Here is where I view my contribution—as a philosopher of science—to the long-standing debate: not merely to call attention to the howlers that pass as legitimate criticisms of frequentist error statistics, but also to sketch the main lines of an alternative statistical philosophy within which to better articulate the roles and value of frequentist tools. Let me be clear that I do not consider this the only philosophical framework for frequentist statistics—different terminology could do as well. I will consider myself successful if I can provide one way of building, or one standpoint from which to build, a frequentist, error- statistical philosophy.
But given this is a blog, I shall be direct and to the point: I hope to cultivate the interests of others who might want to promote intellectual honesty within a generally very lopsided philosophical debate. I will begin with the first entry to the comedy routine, as it is put forth by leading Bayesians……
“Frequentists in Exile” 9/3/11 by D. Mayo
Confronted with the position that “arguments for this personalistic theory were so persuasive that anything to any extent inconsistent with that theory should be discarded” (Cox 2006, 196), frequentists might have seen themselves in a kind of exile when it came to foundations, even those who had been active in the dialogues of an earlier period [i]. Sometime around the late 1990s there were signs that this was changing. Regardless of the explanation, the fact that it did occur and is occurring is of central importance to statistical philosophy.
Now that Bayesians have stepped off their a priori pedestal, it may be hoped that a genuinely deep scrutiny of the frequentist and Bayesian accounts will occur. In some corners of practice it appears that frequentist error statistical foundations are being discovered anew. Perhaps frequentist foundations, never made fully explicit, but at most lying deep below the ocean floor, are finally being disinterred. But let’s learn from some of the mistakes in the earlier attempts to understand it. With this goal I invite you to join me in some deep water drilling, here as I cast about on my Isle of Elba.

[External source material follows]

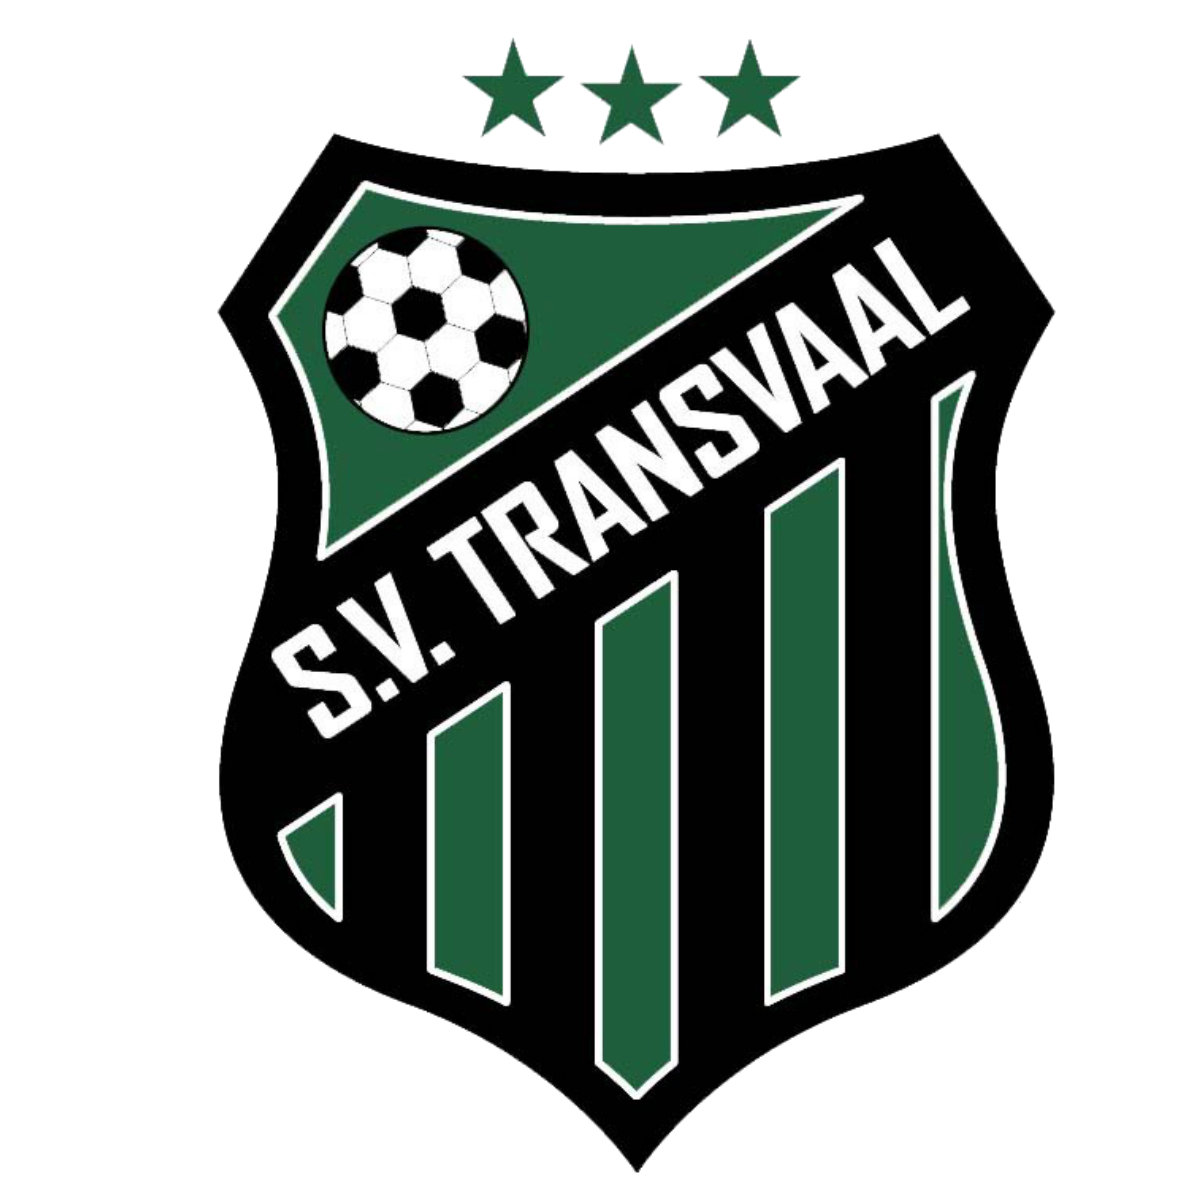 Transvaal logo

Cox, D. R. (2006), Principles of Statistical Inference, CUP.
[i] Yes, that’s the Elba connection: Napolean’s exile (from which he returned to fight more battles).
[ii] I have discovered a very reliable antique typewriter shop in Oxford that was able to replace the two missing typewriter keys. So long as my “ribbons” and carbon sheets don’t run out, I’m set.
It’s nearly two years since I began this blog, and some are wondering if I’ve covered all the howlers thrust our way? Sadly, no. So since it’s Saturday night here at the Elba Room, let’s listen in on one of the more puzzling fallacies–one that I let my introductory logic students spot…
“Did you hear the one about significance testers sawing off their own limbs?
‘Suppose we decide that the effect exists; that is, we reject [null hypothesis] H0. Surely, we must also reject probabilities conditional on H0, but then what was the logical justification for the decision? Orthodox logic saws off its own limb.’ ”
Ha! Ha! By this reasoning, no hypothetical testing or falsification could ever occur. As soon as H is falsified, the grounds for falsifying disappear! If H: all swans are white, then if I see a black swan, H is falsified. But according to this critic, we can no longer assume the deduced prediction from H! What? The entailment from a hypothesis or model H to x, whether it is statistical or deductive, does not go away after the hypothesis or model H is rejected on grounds that the prediction is not born out.[i] When particle physicists deduce that the events could not be due to background alone, the statistical derivation (to what would be expected under H: background alone) does not get sawed off when H is denied!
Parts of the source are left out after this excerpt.